If the preconditions are satisfied and the postconditions are not, the bug is in the function. If your pre- and postconditions are clear, they can help with debugging.
Glossary#
interface design: A process for designing the interface of a function, which includes the parameters it should take.
canvas: A window used to display graphical elements including lines, circles, rectangles, and other shapes.
encapsulation: The process of transforming a sequence of statements into a function definition.
generalization: The process of replacing something unnecessarily specific (like a number) with something appropriately general (like a variable or parameter).
keyword argument: An argument that includes the name of the parameter.
refactoring: The process of modifying a working program to improve function interfaces and other qualities of the code.
development plan: A process for writing programs.
docstring: A string that appears at the top of a function definition to document the function’s interface.
multiline string: A string enclosed in triple quotes that can span more than one line of a program.
precondition: A requirement that should be satisfied by the caller before a function starts.
postcondition: A requirement that should be satisfied by the function before it ends.
Exercises#
# This cell tells Jupyter to provide detailed debugging information
# when a runtime error occurs. Run it before working on the exercises.
%xmode Verbose
Exception reporting mode: Verbose
For the exercises below, there are a few more turtle functions you might want to use.
penuplifts the turtle’s imaginary pen so it doesn’t leave a trail when it moves.pendownputs the pen back down.
The following function uses penup and pendown to move the turtle without leaving a trail.
from jupyturtle import penup, pendown
def jump(length):
"""Move forward length units without leaving a trail.
Postcondition: Leaves the pen down.
"""
penup()
forward(length)
pendown()
Exercise#
Write a function called rectangle that draws a rectangle with given side lengths.
For example, here’s a rectangle that’s 80 units wide and 40 units tall.
Exercise#
Write a function called rhombus that draws a rhombus with a given side length and a given interior angle. For example, here’s a rhombus with side length 50 and an interior angle of 60 degrees.
def rhombus(length, angle):
for i in range(2):
forward(length)
left(angle)
forward(length)
left(180-angle)
Exercise#
Now write a more general function called parallelogram that draws a quadrilateral with parallel sides. Then rewrite rectangle and rhombus to use parallelogram.
Exercise#
Write an appropriately general set of functions that can draw shapes like this.
Hint: Write a function called triangle that draws one triangular segment, and then a function called draw_pie that uses triangle.
Exercise#
Write an appropriately general set of functions that can draw flowers like this.
Hint: Use arc to write a function called petal that draws one flower petal.
Ask a virtual assistant#
There are several modules like jupyturtle in Python, and the one we used in this chapter has been customized for this book.
So if you ask a virtual assistant for help, it won’t know which module to use.
But if you give it a few examples to work with, it can probably figure it out.

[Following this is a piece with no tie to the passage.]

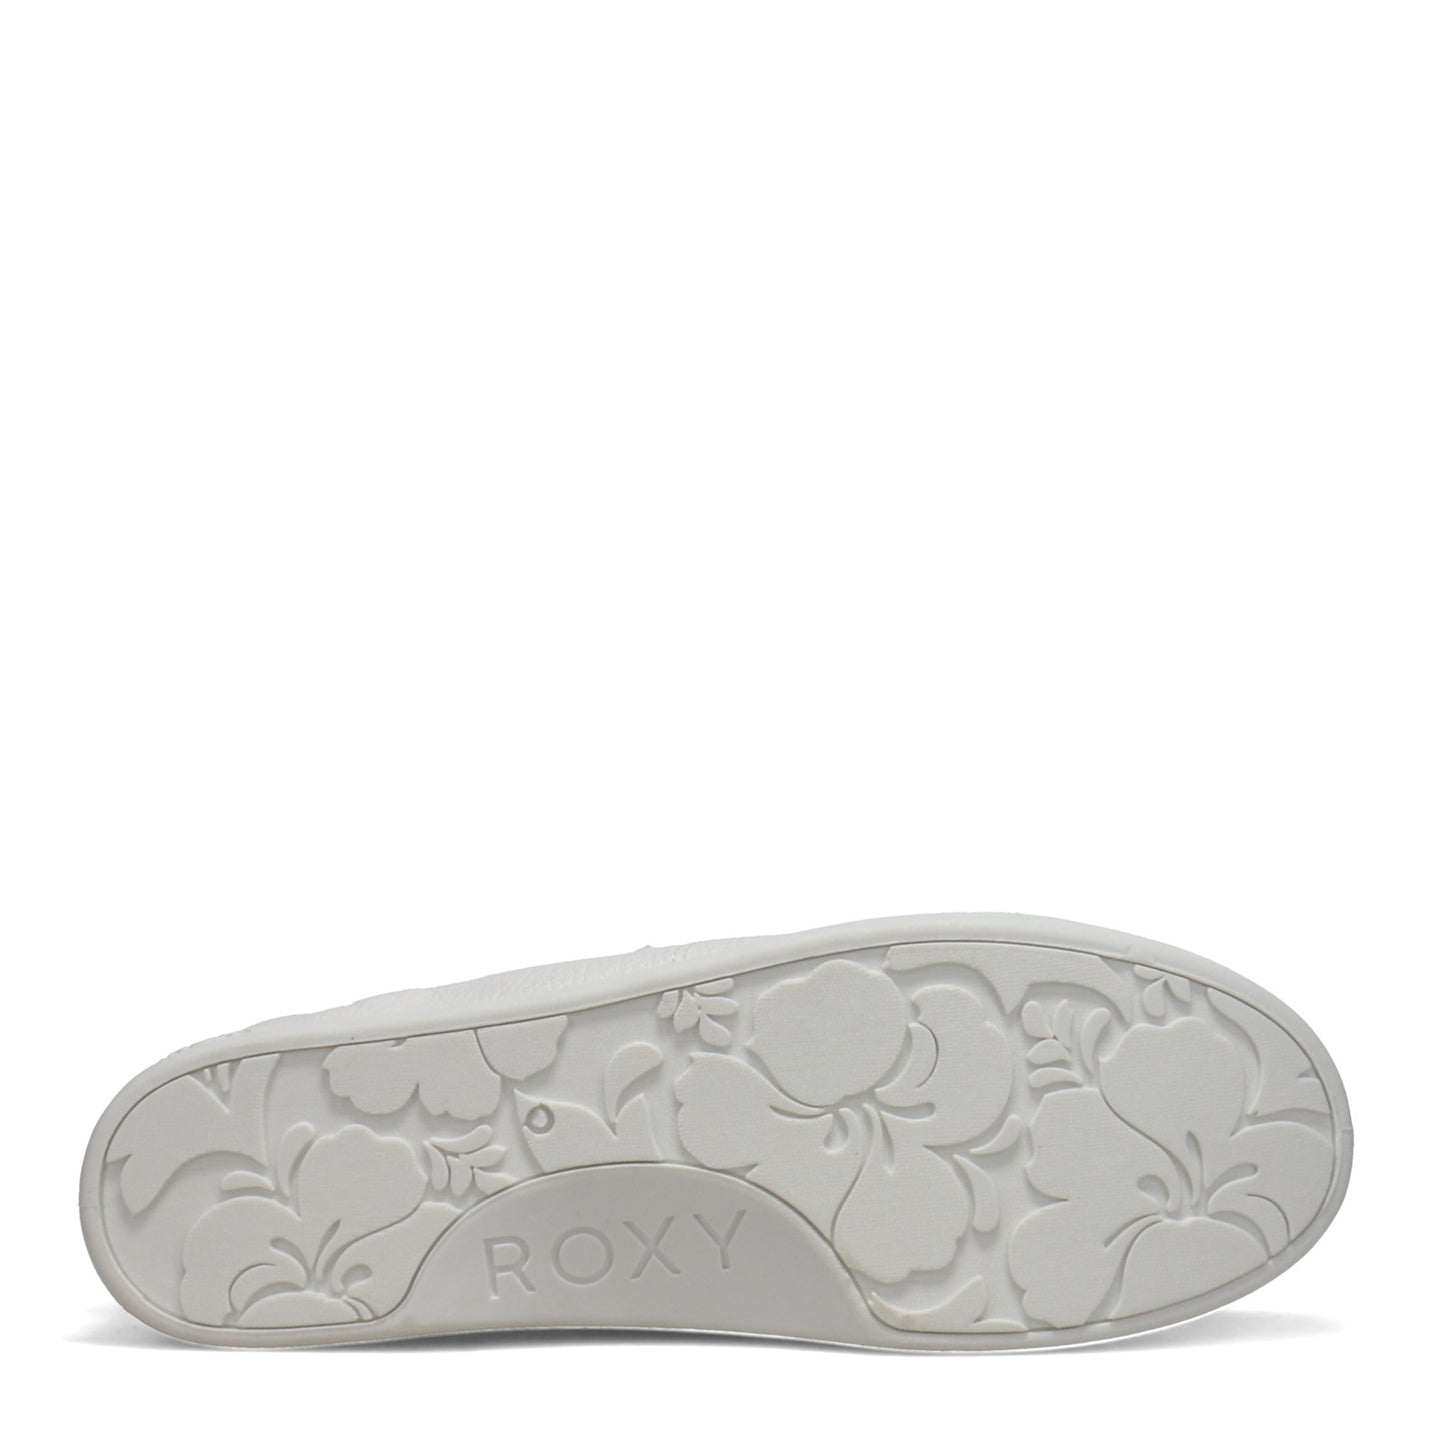 Peltz Shoes  Women's Roxy Bayshore Sneaker WHITE ARJS600418-WIM

For example, try this prompt and see if it can write a function that draws a spiral:
The following program uses a turtle graphics module to draw a circle:
from jupyturtle import make_turtle, forward, left
import math
def polygon(n, length):
angle = 360 / n
for i in range(n):
forward(length)
left(angle)
def circle(radius):
circumference = 2 * math.pi * radius
n = 30
length = circumference / n
polygon(n, length)
make_turtle(delay=0)
circle(30)
Write a function that draws a spiral.
Keep in mind that the result might use features we have not seen yet, and it might have errors. Copy the code from the VA and see if you can get it working. If you didn’t get what you wanted, try modifying the prompt.